Context-Inappropriate Capability

Medium
Confidence
94% confidence
Finding
The skill is declared as a product-search capability, but it instructs the agent to initiate and manage account login automatically, including QR login and post-login continuation. That expands the trust boundary from low-risk search into authenticated account actions without a separate explicit user consent step, increasing the chance of unintended credentialed operations and cross-skill privilege escalation.

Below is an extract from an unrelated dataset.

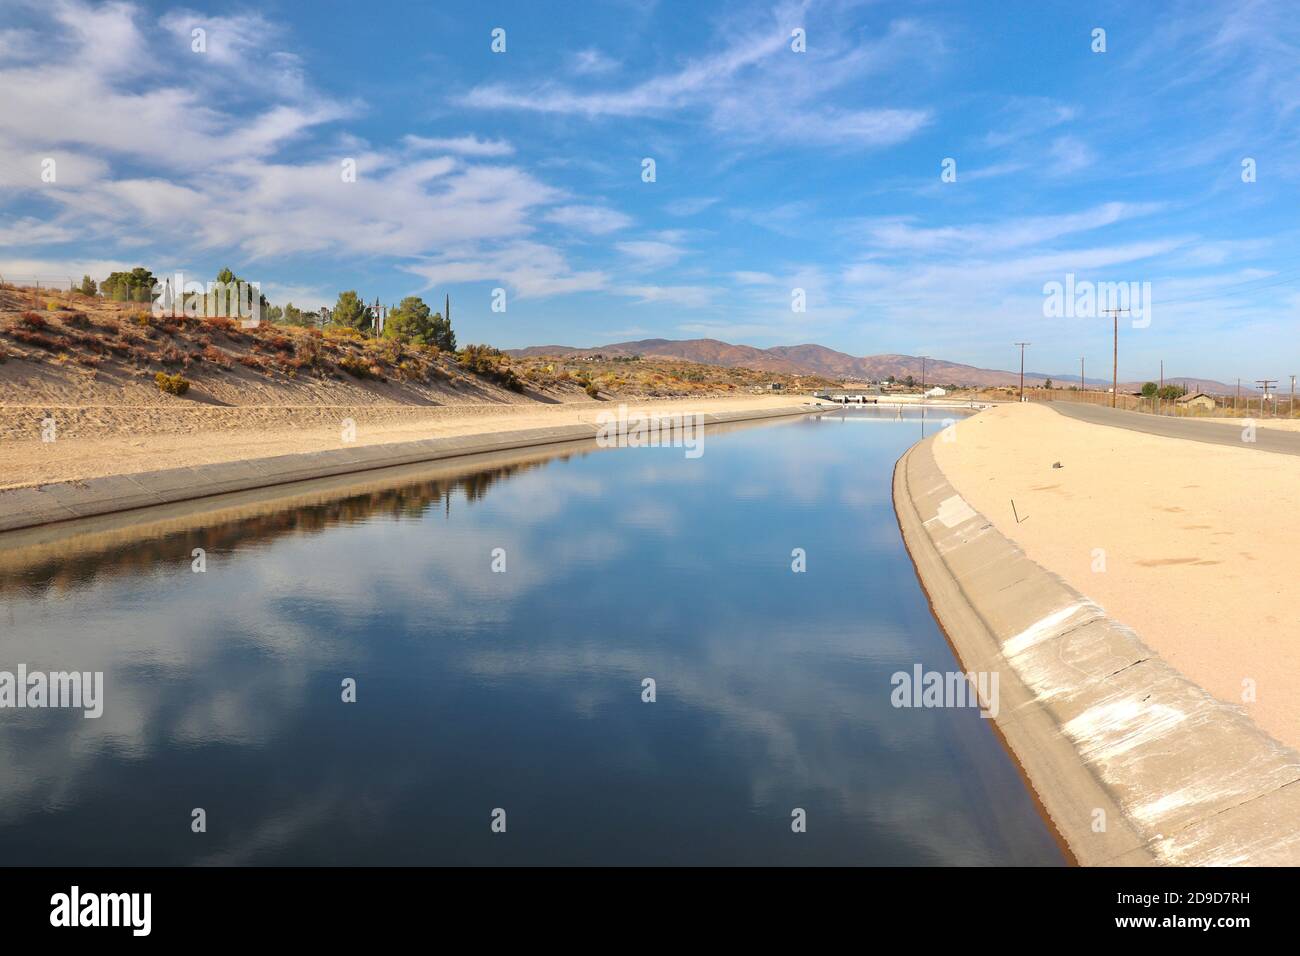 Scenic view of Lake Palmdale and the California aqueduct Stock Photo

Context-Inappropriate Capability

Medium
Confidence
88% confidence
Finding
The README extends the search skill into invoking product-detail retrieval through another skill or command, which exceeds its declared purpose and creates hidden cross-skill behavior. This kind of scope expansion makes it easier for a loosely triggered skill to chain into additional actions the user did not explicitly request under a narrower permission model.

Context-Inappropriate Capability

Medium
Confidence
95% confidence
Finding
The skill instructs the agent to globally install and execute `vipshop-cli` on the host, which expands its behavior from a narrow promotion-query helper into host-level software modification and arbitrary CLI execution. This increases supply-chain and system-integrity risk because a shopping query should not require unattended global package installation.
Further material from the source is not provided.